ASSIGNED TASK. Would you output all the lines below precisely as they stand, leaving each picture out?

DATA EXCERPT.
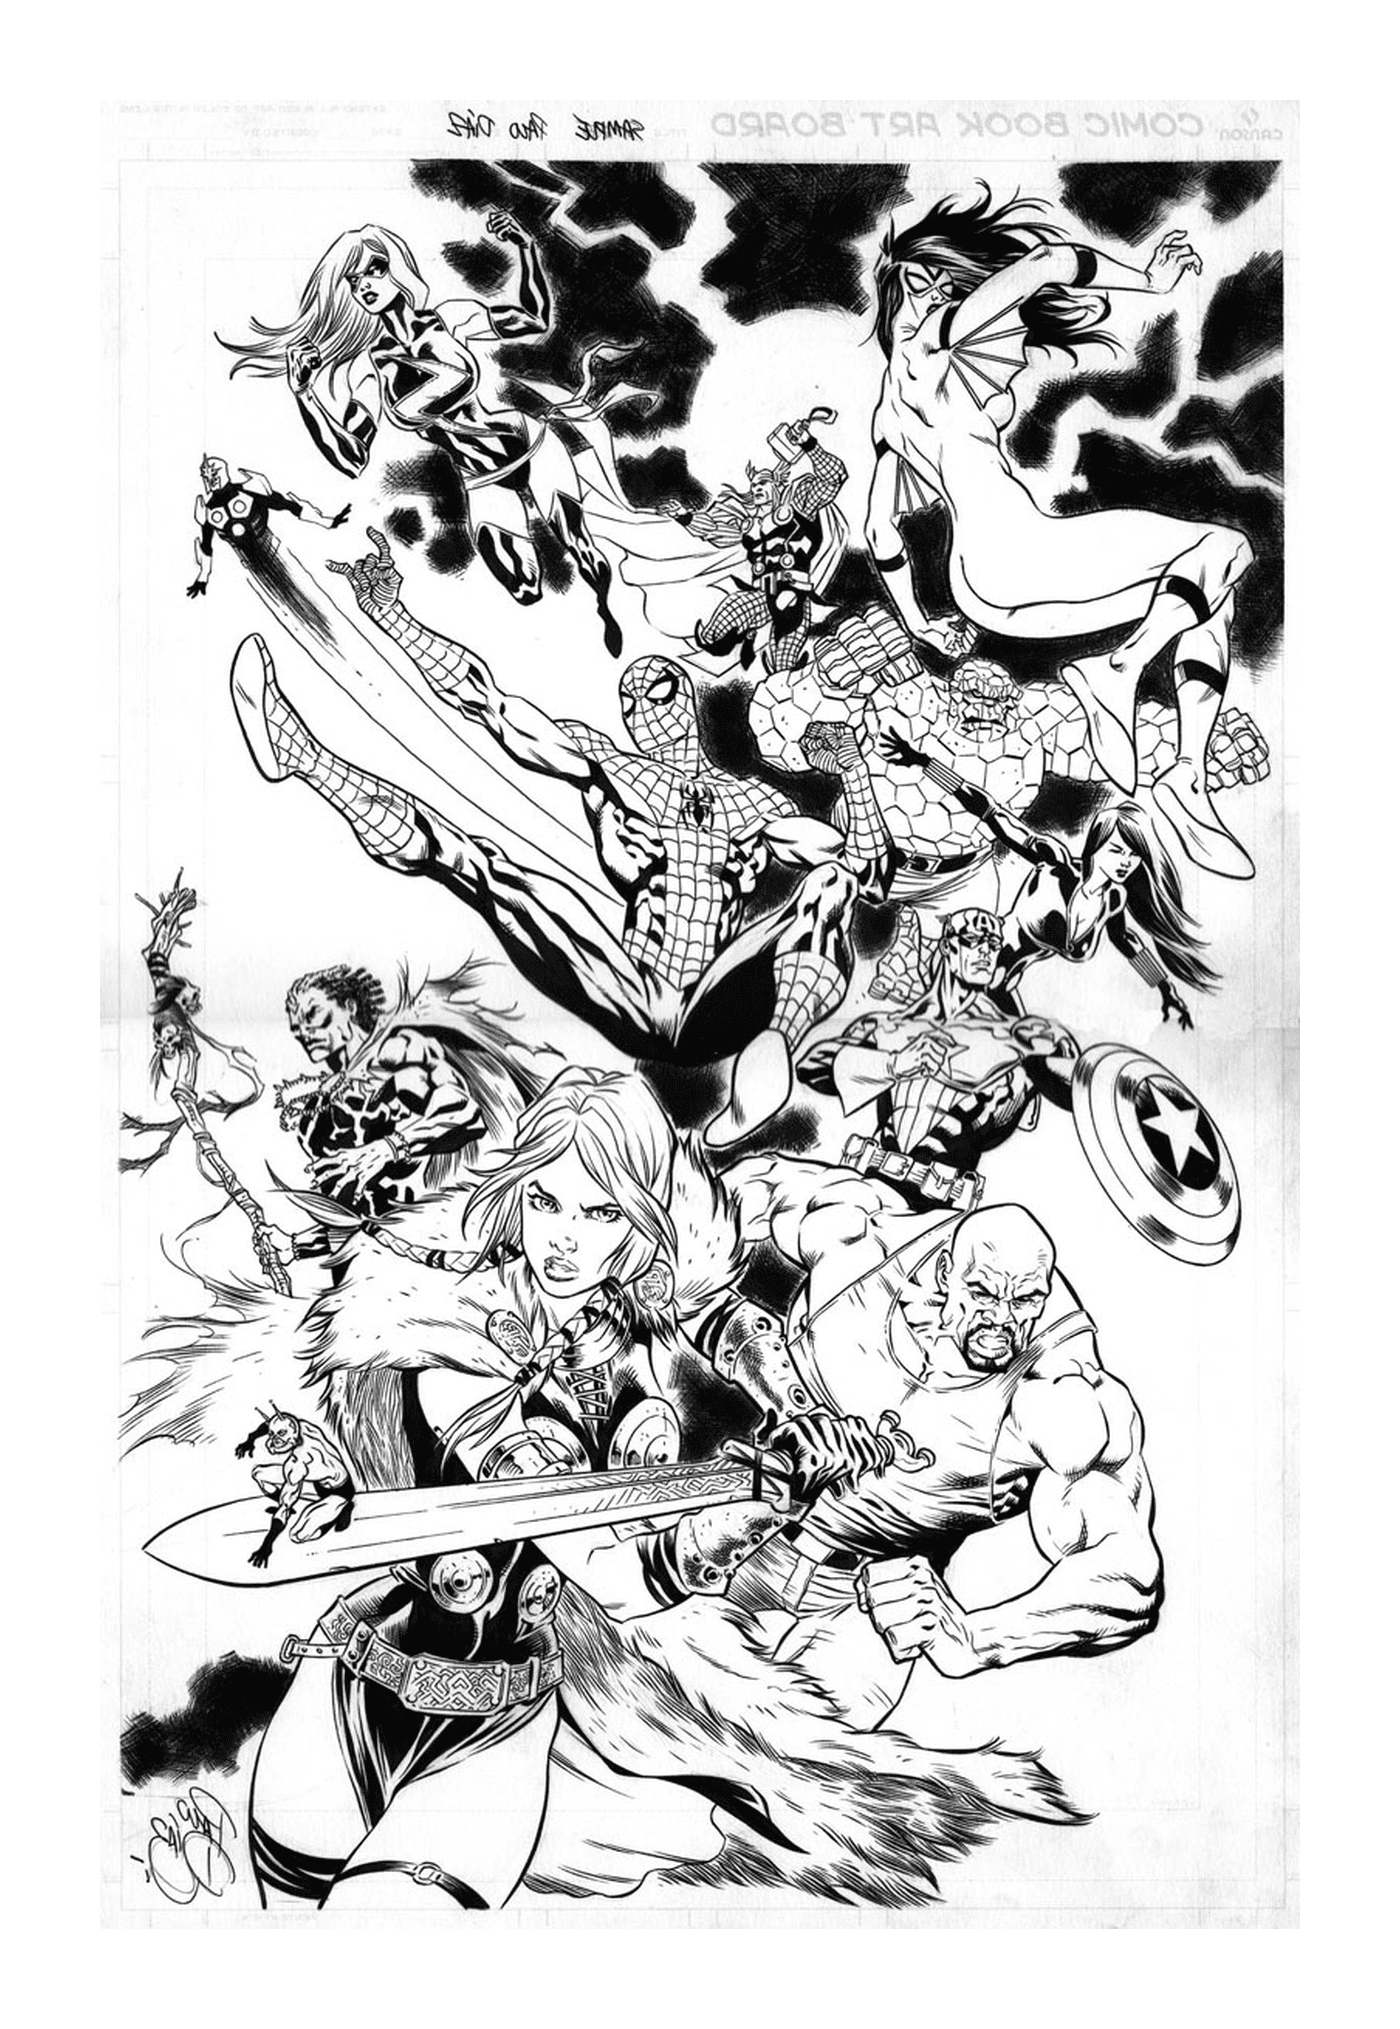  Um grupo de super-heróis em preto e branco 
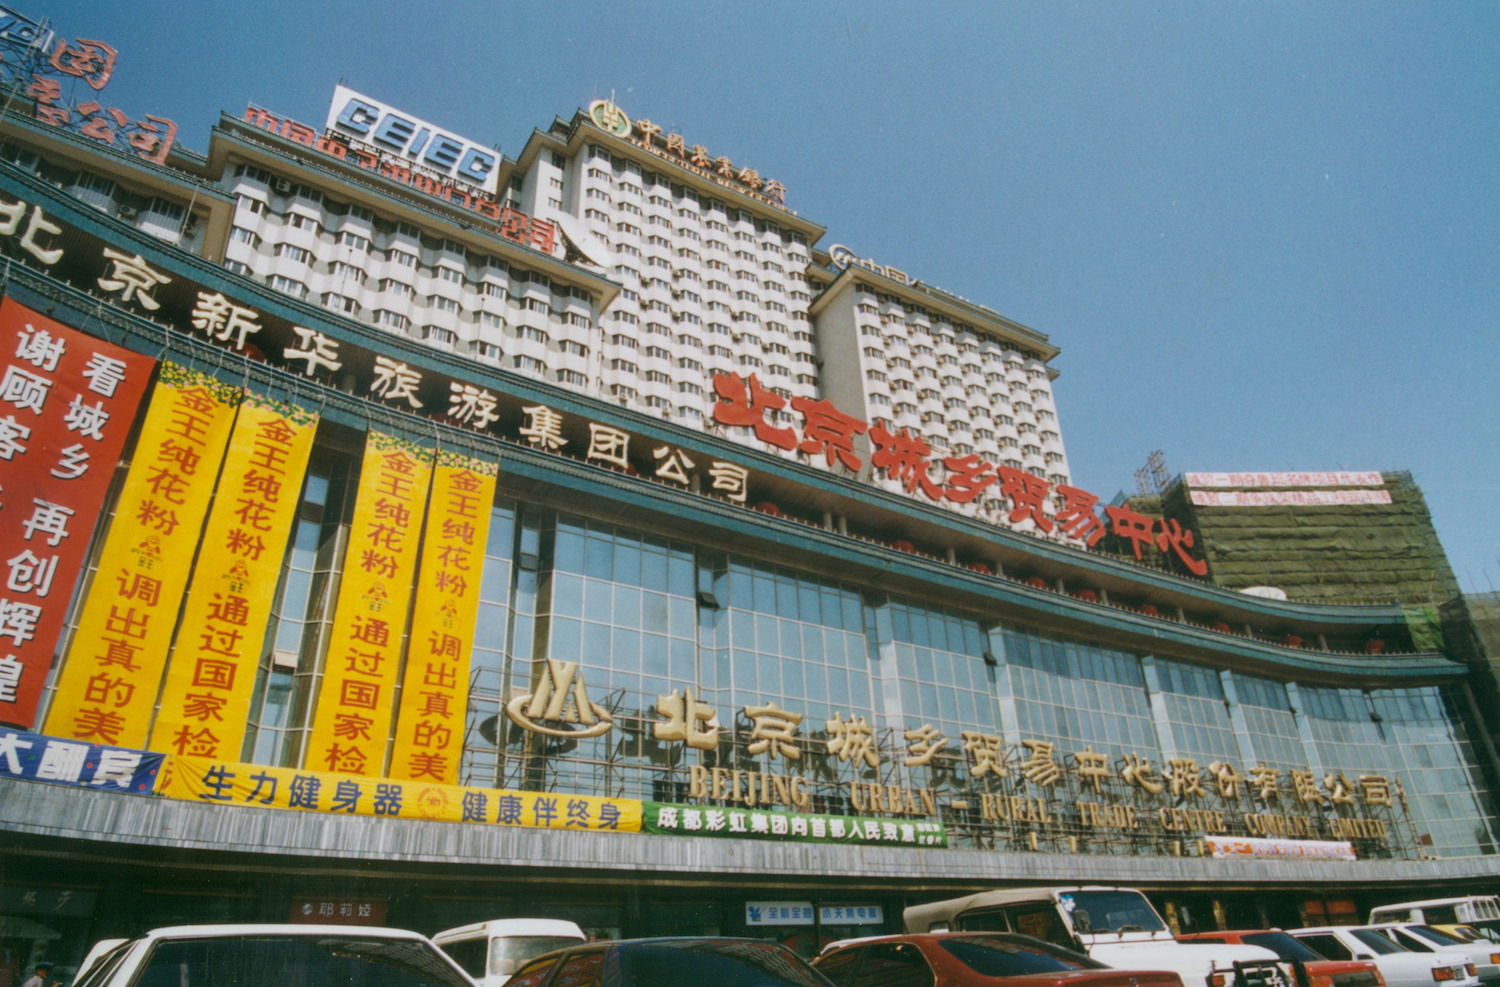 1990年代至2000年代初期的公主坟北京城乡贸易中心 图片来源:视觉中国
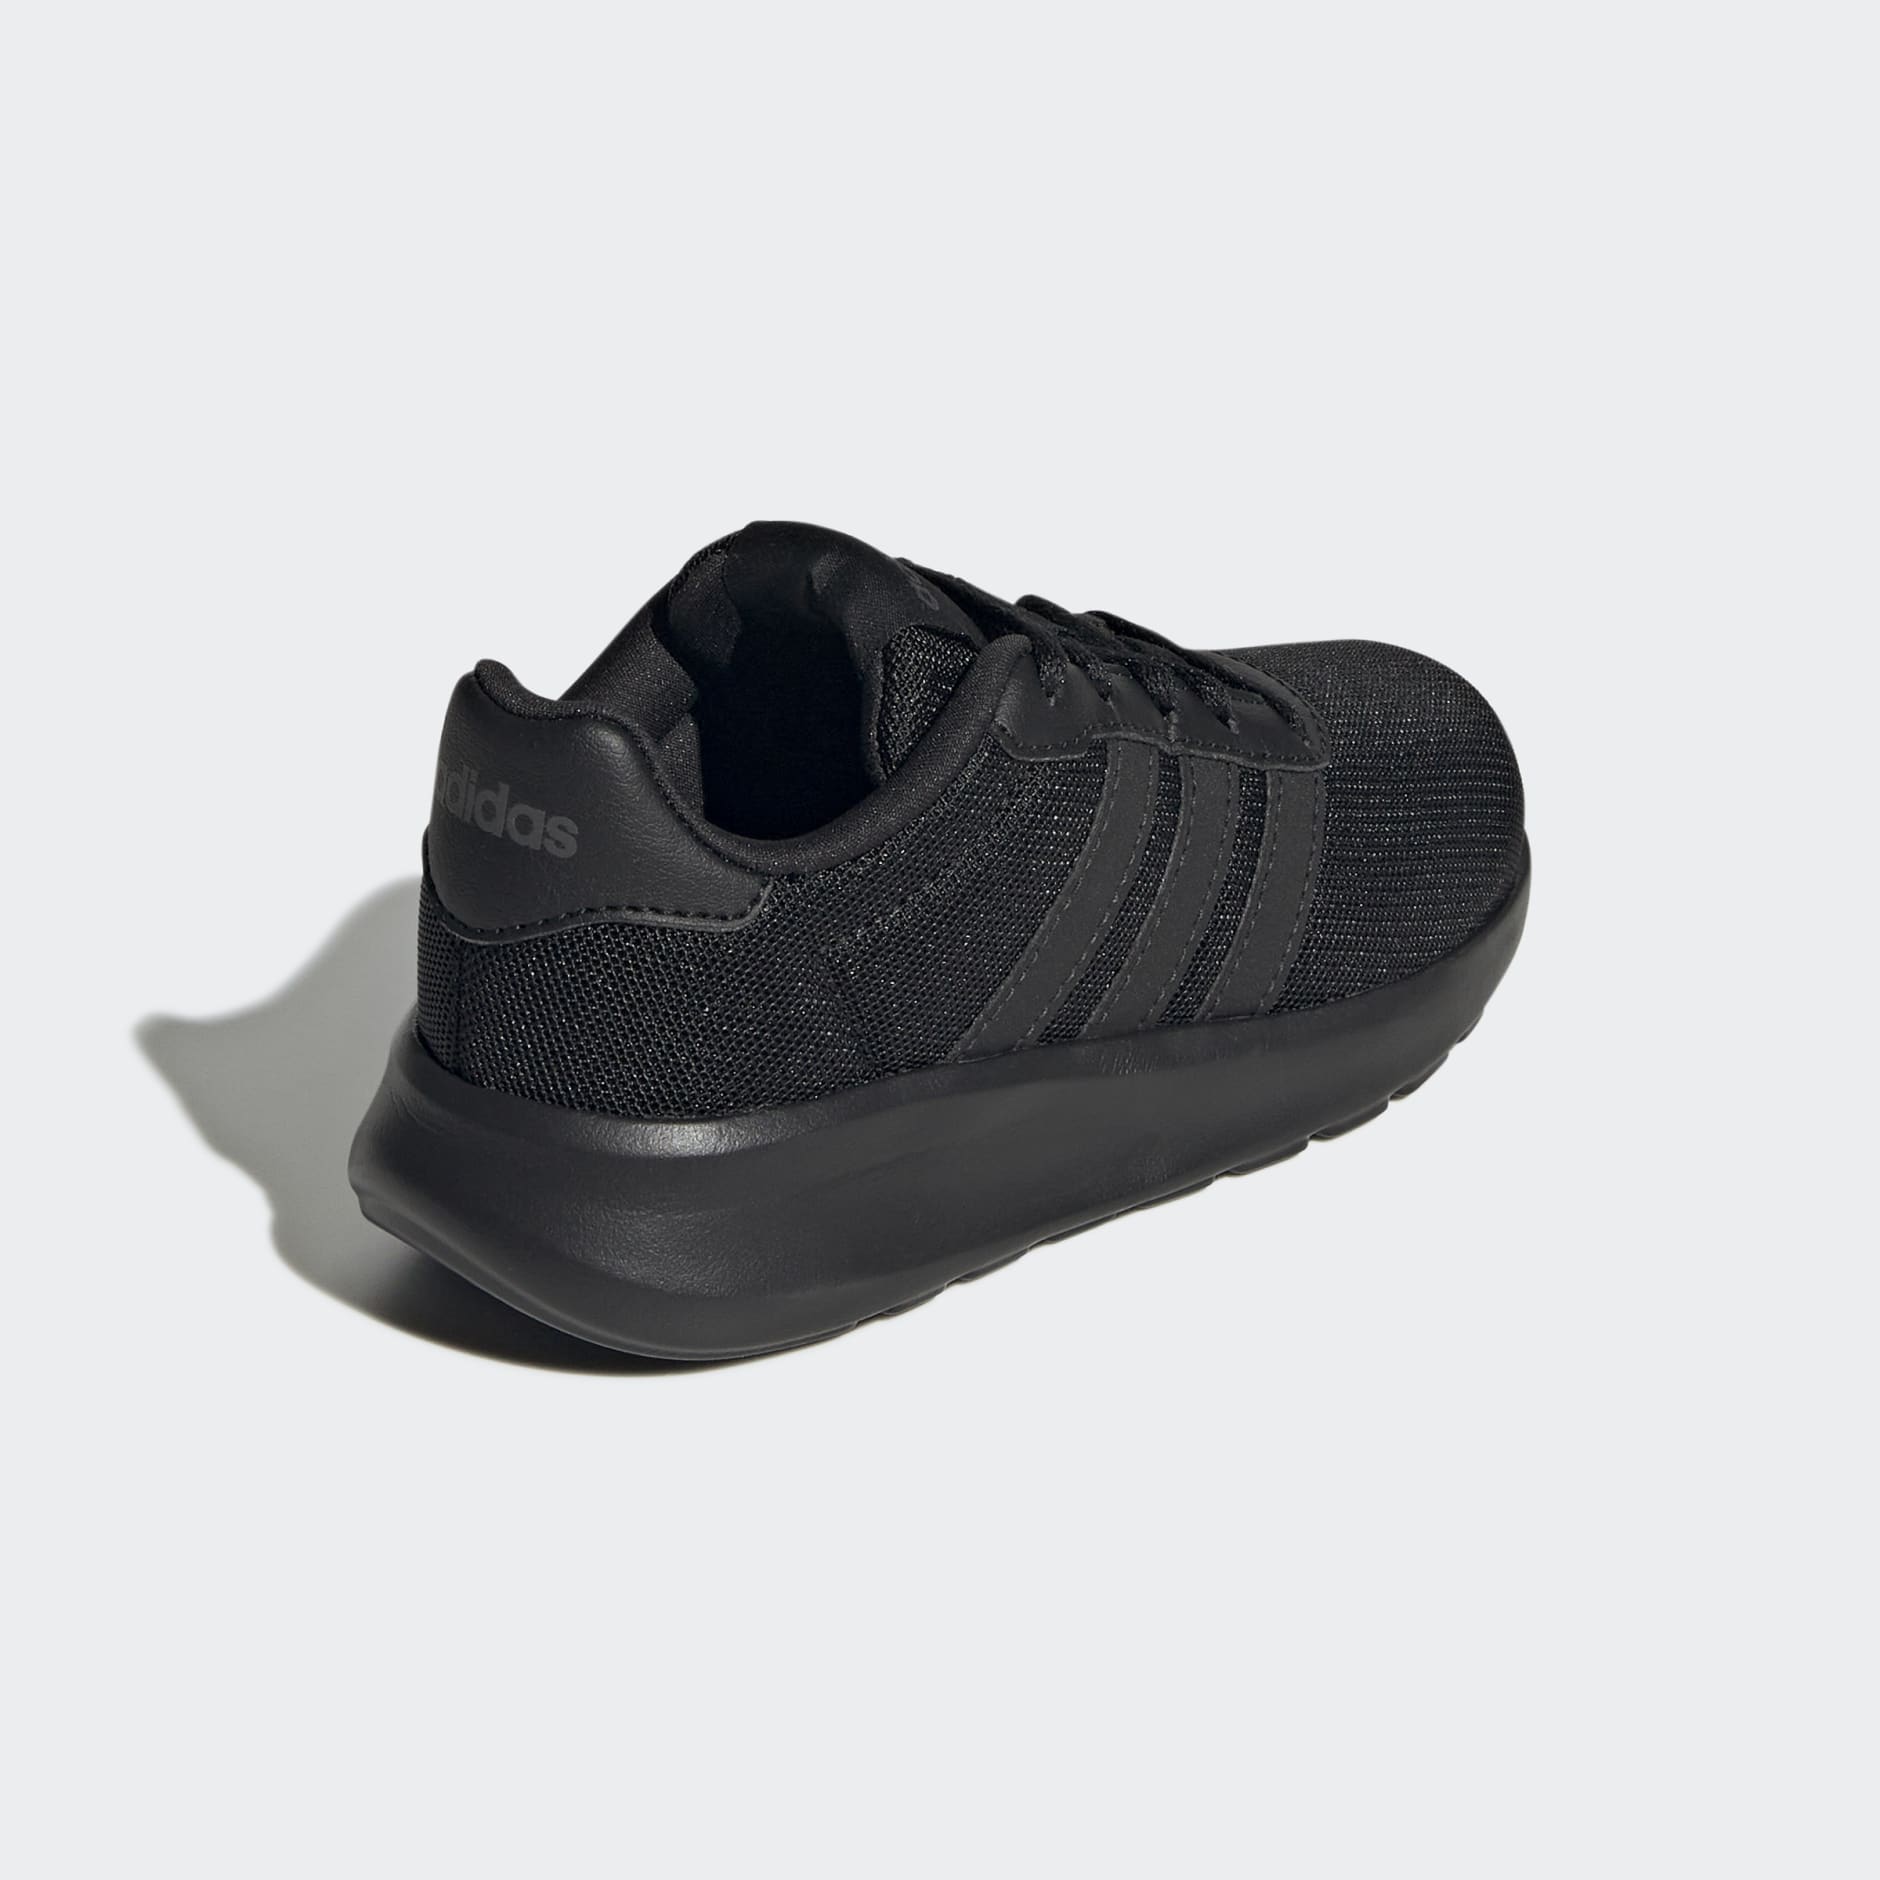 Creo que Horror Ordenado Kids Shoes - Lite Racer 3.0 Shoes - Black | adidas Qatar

RESULT OF THE TASK.
  Um grupo de super-heróis em preto e branco 
 1990年代至2000年代初期的公主坟北京城乡贸易中心 图片来源:视觉中国
 Creo que Horror Ordenado Kids Shoes - Lite Racer 3.0 Shoes - Black | adidas Qatar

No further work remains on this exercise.